And after those tests, try shifting the adaptor to the other end so that the hyper data bus is shorter than the hyper clock.

Scroungre · 2021-09-20 02:07

Both interesting thoughts, but if it's perfect as it is (which I'm not sure - Instead of "percentage of successful read/write cycles" I'd rather see "Errors in [say] 10,000 cycles") there's not much point in trying to make it better. Unless I can coax the KISS to 350 and find errors thereby.

I'll try your suggestions anyhow - even if it makes it worse, that's useful information. Oddly enough, unlike the Edge breadboard, the headers on the KISS are equally spaced, so I can move down eight data pins at a time (if I stick in some more headers). I don't think the code will like that, though. Maybe I can tweak it a little - more news to come later. Hafta go do carpentry now.

So far, so good, S.

evanh · 2021-09-20 04:40

You're right. I didn't even look at your supplied report file. The fails you are getting above 300 MHz are sounding like a chip reset rather than hyper timing limits. Your report, when compared to the Eval Board, shows there is more room for tight integration. The new Edge Board with RAM should be highly reliable at all clock rates.

Scroungre · 2021-09-20 06:46

It does reek a bit of a chip reset.

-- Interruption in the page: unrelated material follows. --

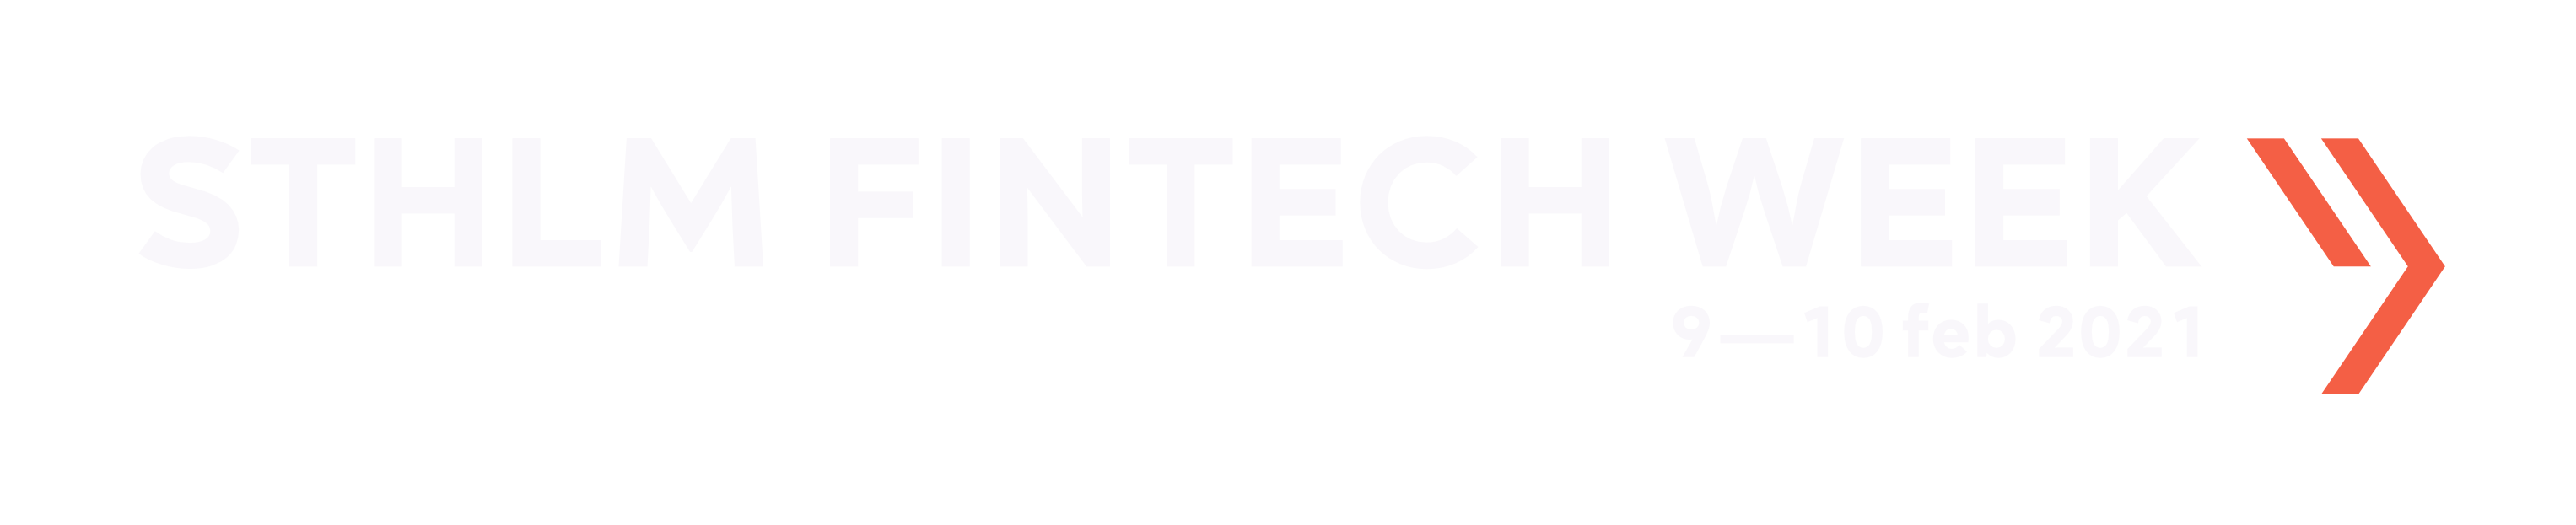 Stockholm Fintech Week Logo

The RAM test walks up through the frequencies, and if you go over 300MHz it clears the serial terminal window! Rude, that! Can't cut'n'paste at all, let alone logfile it (at least, not with the Propellor Serial Terminal). It also seems a really 'hard' limit - just a bit over, nothing, at 300 exactly, everything's working fine.

If it were weird power or bum caps or something, I'd expect more "flakiness" - more of a 'fuzzy' limit, where below it you get occasional errors and above it you get occasional success.

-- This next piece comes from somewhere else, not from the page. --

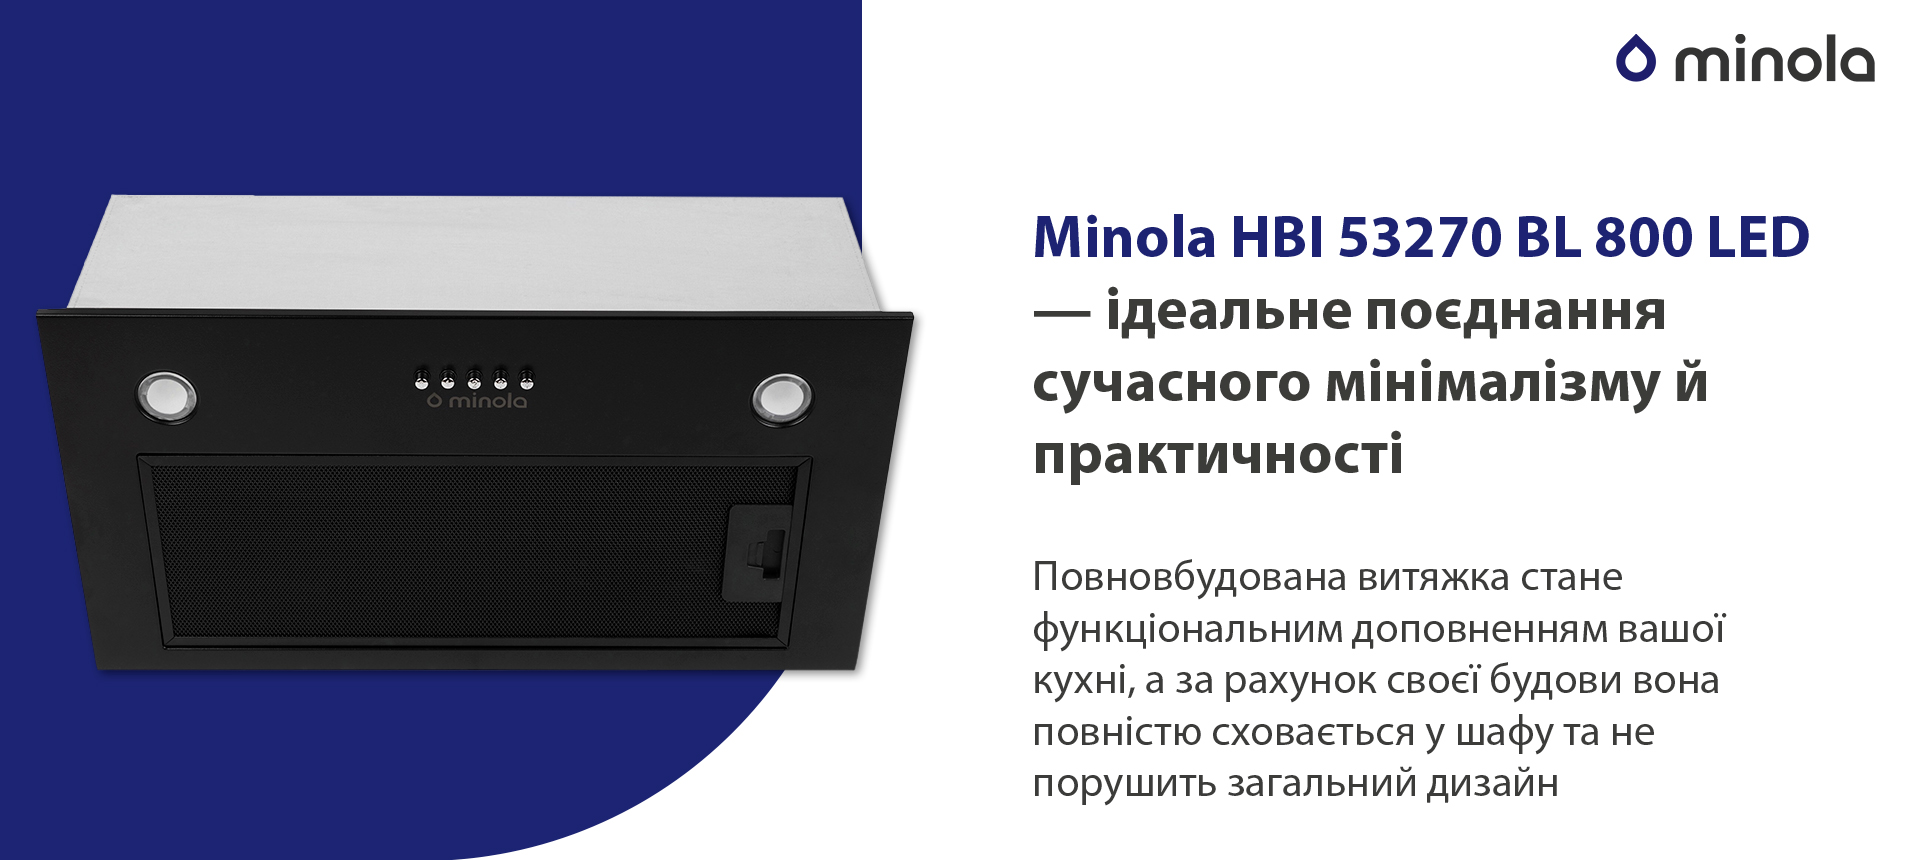 Minola HBI 53270 BL 800 LED в магазине в Киеве - фото 10

Looking forward to the Edge with RAM, although the KISS is a more convenient form factor for me. That's just me... S.

rogloh · 2021-09-20 07:08

I don't see what would be intentionally fitted in place to cause a hard P2 reset above 300MHz. If it is thermal or some current limit on the KISS board then it should also probably be load dependent and idling a single COG at 300MHz shouldn't hit that limit so you could write something that just clocks it at over 300MHz and doesn't do much else and see if that works without failure. Also you could monitor the reset pin too when you encounter this. My own P2ME2 board can reset the P2 if the regulator power good signal is driven low indicating the 1.8V voltage is out of range or for a UVLO condition, maybe your KISS board does something similar.

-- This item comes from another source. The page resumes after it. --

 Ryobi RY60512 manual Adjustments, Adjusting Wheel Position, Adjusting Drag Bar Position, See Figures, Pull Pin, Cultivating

I think the next gen EDGE should help resolve your problems when it arrives assuming it's all designed well timing wise (should be given its small size) and its power design is solid. The P2-EVAL also works reasonably well (apart from use of P28-P31 for high speed stuff).

evanh · 2021-09-20 07:31

@Scroungre said:
... and if you go over 300MHz it clears the serial terminal window! Rude, that! Can't cut'n'paste at all, let alone logfile it (at least, not with the Propellor Serial Terminal). It also seems a really 'hard' limit - just a bit over, nothing, at 300 exactly, everything's working fine.

That's even odder than I was thinking. Time to verify the clock frequencies. Here's a quick test I've thrown together. Compiled with Flexspin. It requires an interactive terminal. It starts at 300 MHz and each key-press there after will bump the frequency by 1 MHz.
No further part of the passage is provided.